A total of 610 participants received the baseline neuropsychological battery and 494 (81.0%) received a second neuropsychological battery. Participants who did not receive a second neuropsychological battery were less likely to have a high school degree (P = 0.0002) and had a lower summary score of learning and memory (P < 0.0001). There were no differences between participants who received two neuropsychological batteries and those who received only a baseline battery for age, APOE e4, sex or alcohol consumption during midlife and late life.

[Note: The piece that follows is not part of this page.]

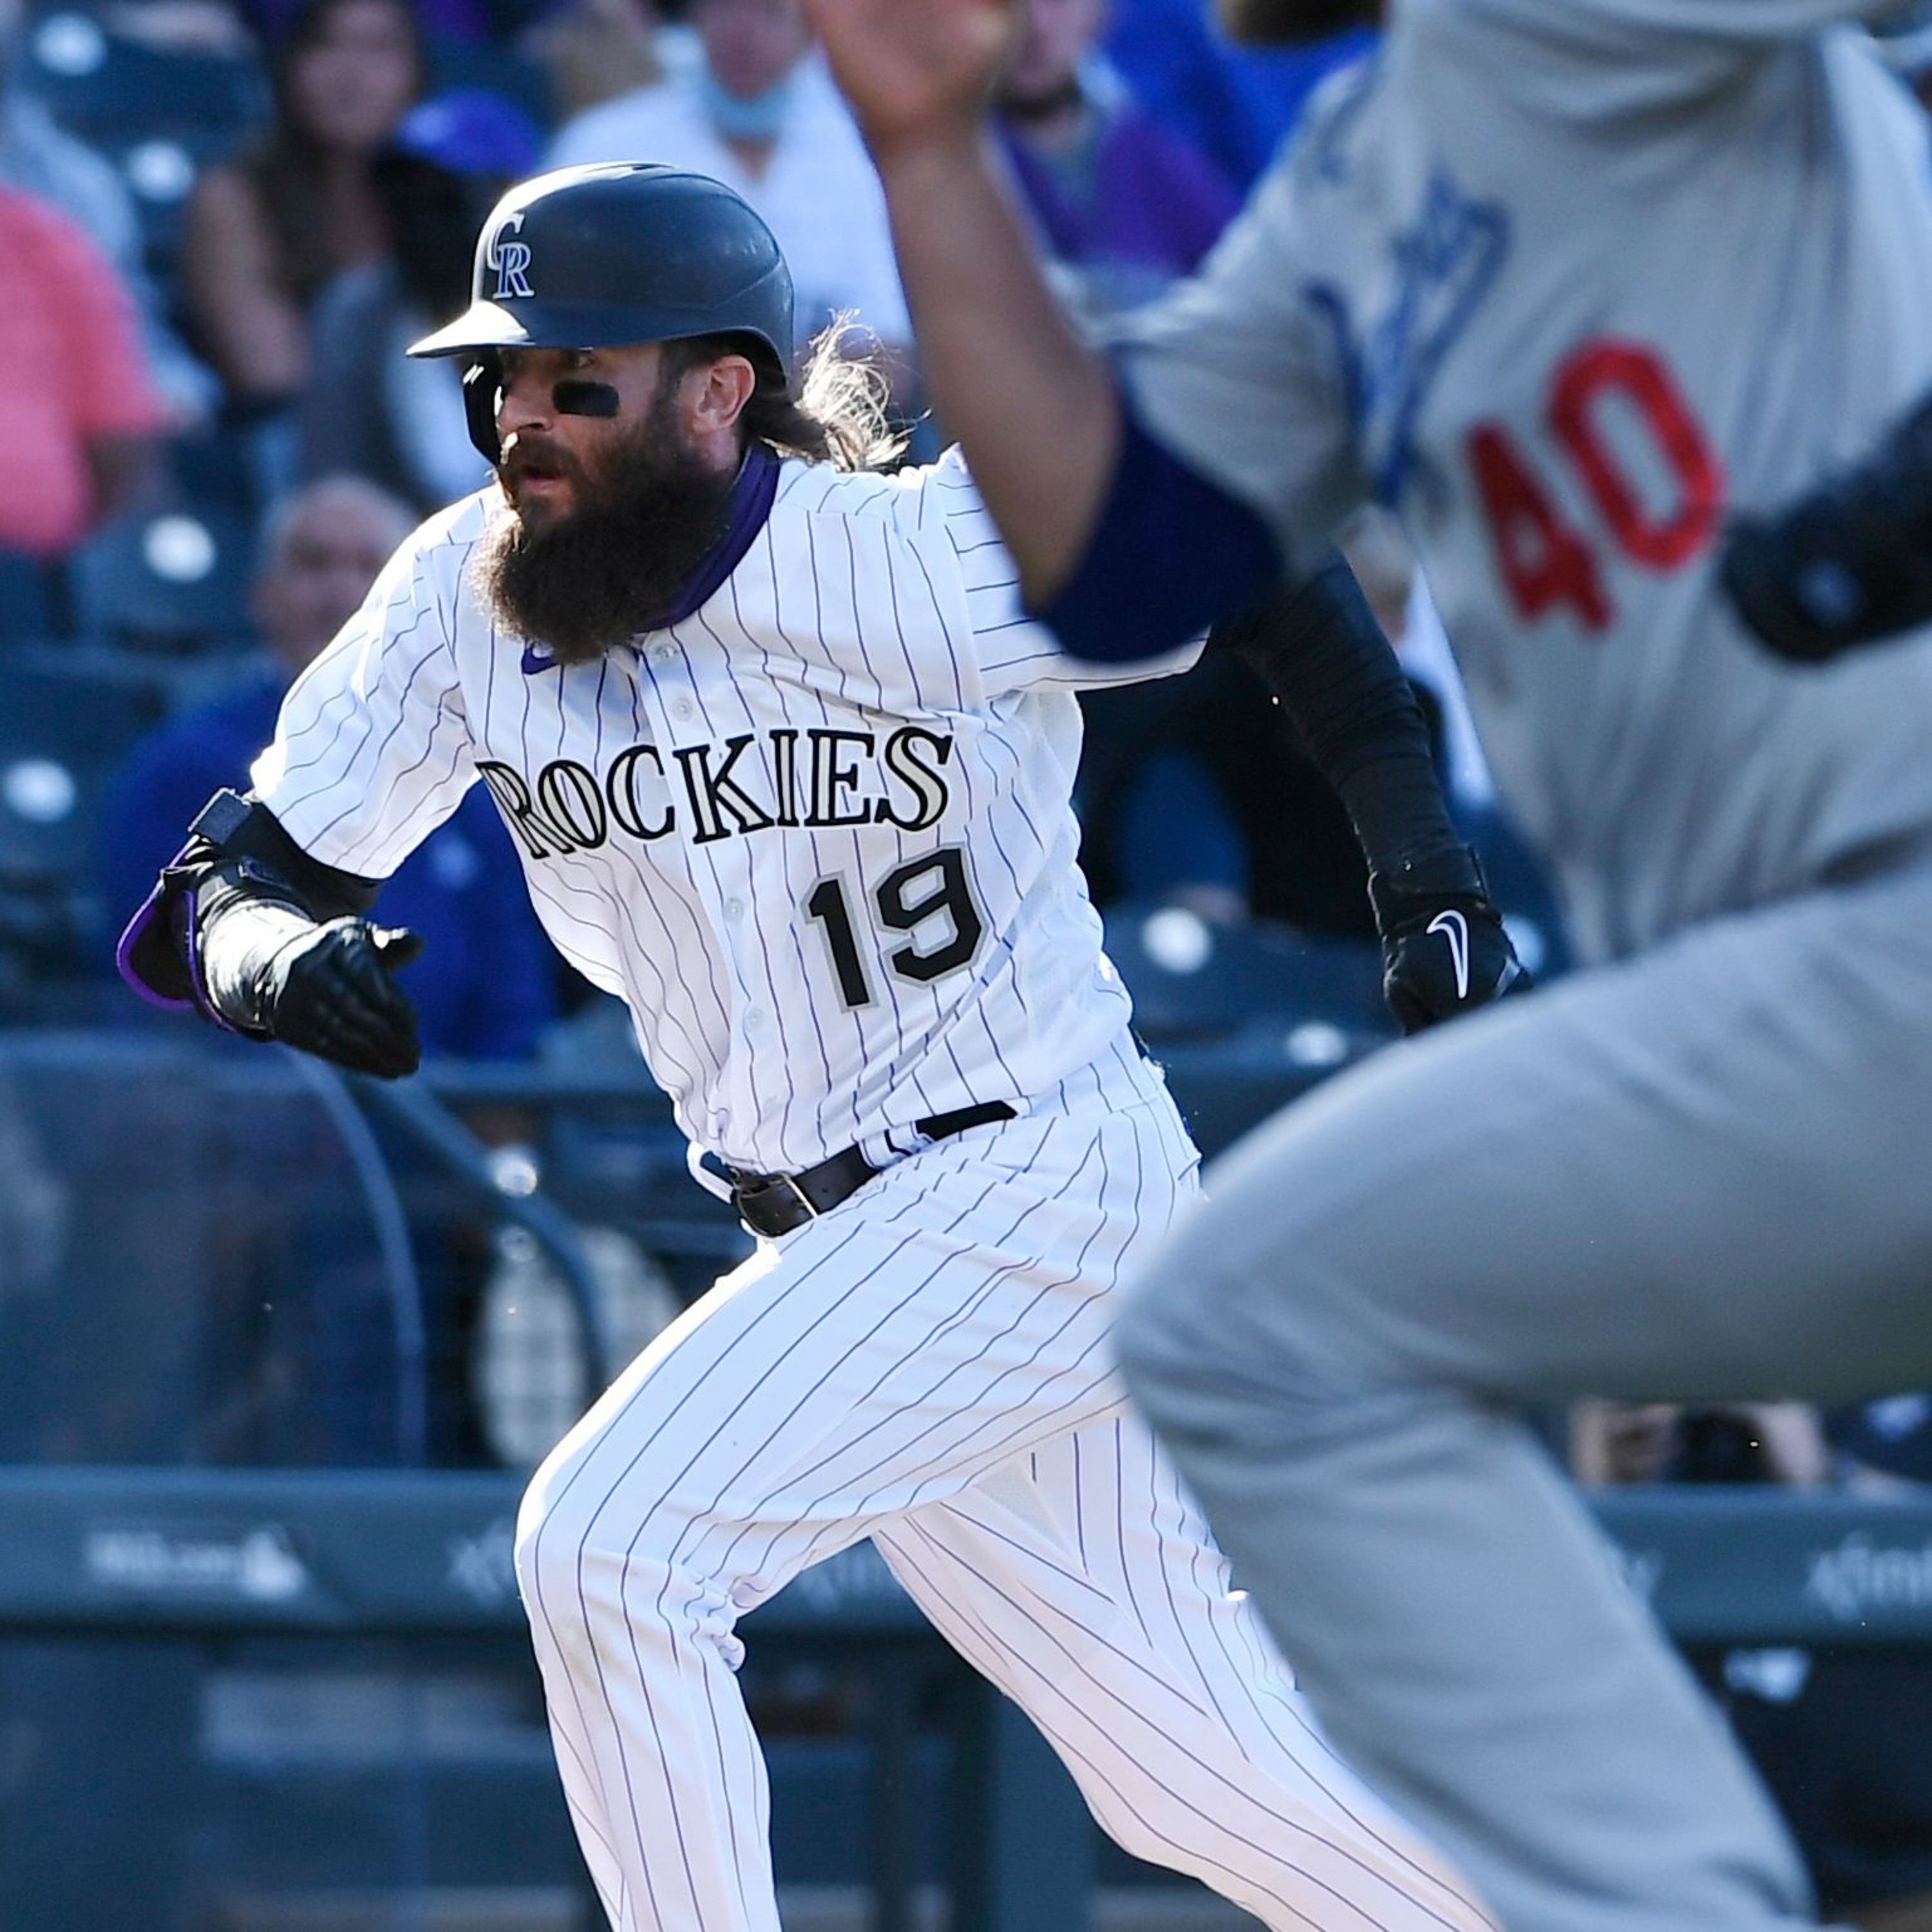 Ep. 169 -- Breaking down Charlie Blackmon’s legacy with the Rockies, plus potential deadline trades

The APOE allele frequencies of the final sample were 8.0, 81.2 and 10.8% for the e2, e3 and e4 alleles, respectively. These allele frequencies did not violate Hardy–Weinberg equilibrium. There were 126 (20.7%) subjects with one or more APOE e4 alleles and 484 (79.3%) subjects with no APOE e4 alleles. During the first clinical examination there were 59 (9.6%) abstainers, 308 (50.5%) light, 156 (25.6%) moderate and 87 (14.3%) heavy alcohol consumers. Alcohol consumption declined with increasing age Inline graphic. During the eighth clinical examination there were 339 (55.6%) abstainers, 115 (18.9%) light, 128 (21.0%) moderate and 28 (4.6%) heavy alcohol consumers.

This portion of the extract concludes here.